Constant acceleration means that the rate of change of velocity is steady over time. In other words, the acceleration does not vary as an object moves. This concept is crucial in the study of physics since it allows us to apply several consistent formulas to predict the motion of objects. Consider the example of a car speeding up from a stoplight. If the car experiences constant acceleration, this means that in each passing second, it gains the same amount of speed. This simplification helps us use mathematical equations to find out other characteristics of the motion, like how far the car travels in a given time. In our exercise, the Chevrolet Corvette goes from 0 to 60 mph under constant acceleration. Using this assumption of constant rate, we can easily calculate other properties, such as distance traveled or the acceleration rate itself.

The equations of motion are set rules that predict the behavior of moving objects under constant acceleration. These equations help us find unknown values when certain variables like initial velocity, final velocity, time, and distance are known. There are three main equations of motion:

• The first equation relates velocity, acceleration, and time: \( v = u + at \)
• The second equation connects distance, initial velocity, time, and acceleration: \( s = ut + \frac{1}{2} at^2 \)
• The third equation provides a relationship between velocities and distance: \( v^2 = u^2 + 2as \)

In the given problem, we use the first two equations. First, we determine acceleration using the initial and final velocities and the time. Then, we use the known acceleration in the second equation to find the distance traveled.

Kinematics is the branch of physics that deals with the motion of objects without considering the forces that cause them to move. It focuses purely on measuring and describing motion. The key elements involved in kinematic studies are:

• Position: Where an object is located in space
• Velocity: The speed and direction in which an object moves
• Acceleration: The rate of change of velocity over time

In our exercise, the Corvette's movement has been described by its initial and final velocities, exhibiting the principles of kinematics. We use its known velocities and time to calculate acceleration, and then proceed to determine the distance it travels using these kinematic equations.

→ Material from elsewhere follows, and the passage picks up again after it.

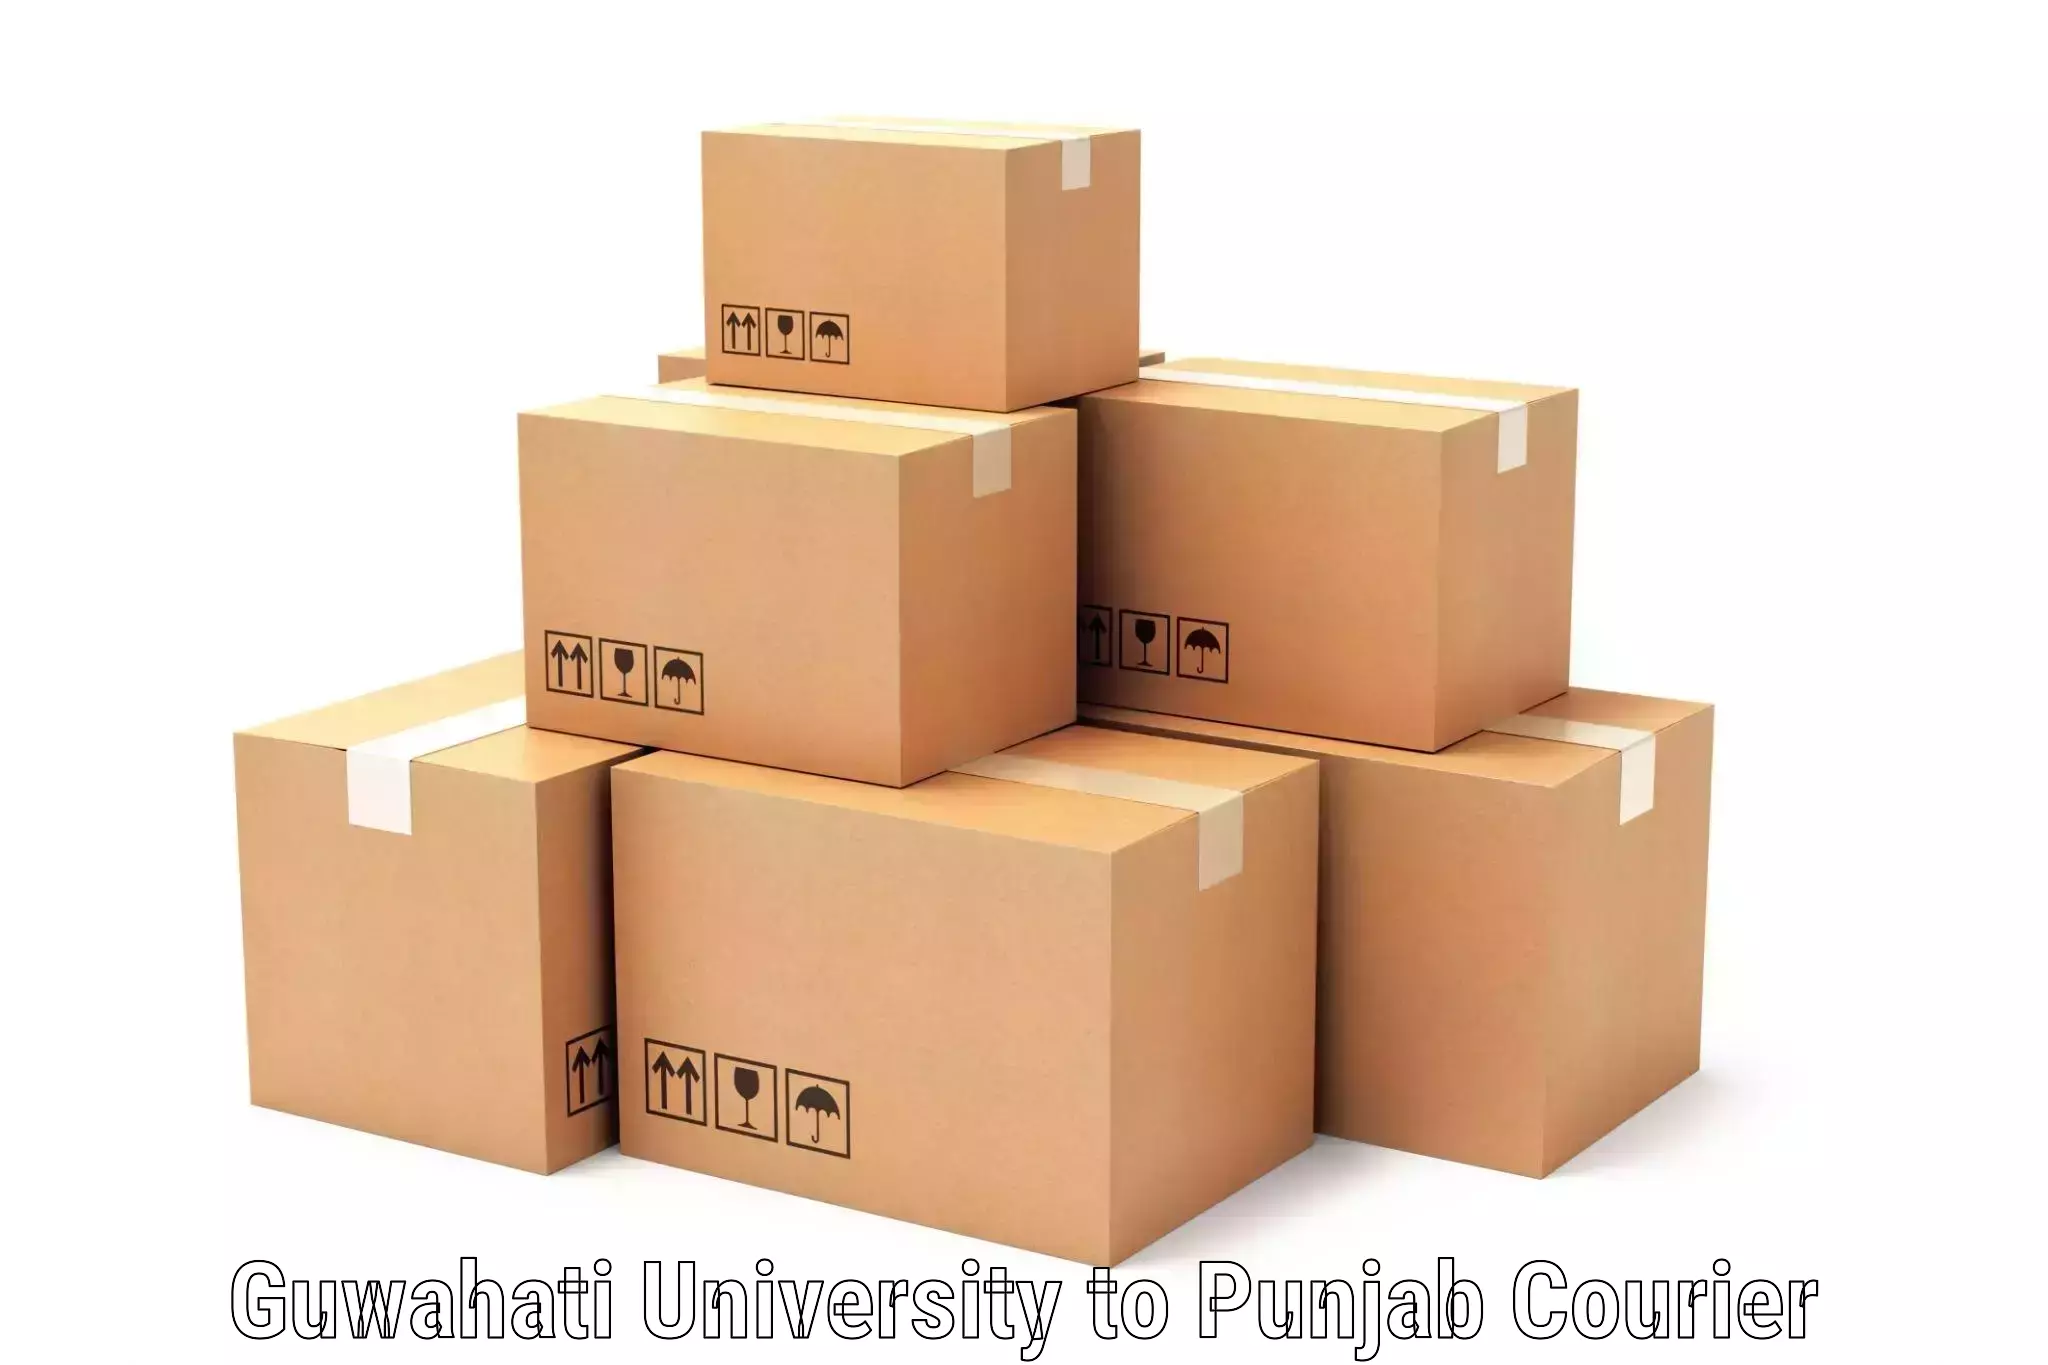 Reliable courier service Guwahati University to Kapurthala

Calculating distance when an object is under constant acceleration involves knowing the initial velocity, acceleration, and time. The formula used in our exercise is:\[ s = ut + \frac{1}{2} at^2 \]This formula stems from the concept that if you accelerate from an initial speed, the distance traveled over time consists of what is covered initially plus the additional distance from accelerating. In the current exercise, the initial velocity is zero, simplifying the formula to:\[ s = \frac{1}{2} at^2 \]By substituting the values obtained from our acceleration calculation and time (\( t = 3.60 \, s \)), we compute the total distance traveled by the car during its acceleration phase. This method of distance calculation is fundamental in physics problems involving kinematics and it provides a clear view into the effectiveness of consistent acceleration over time.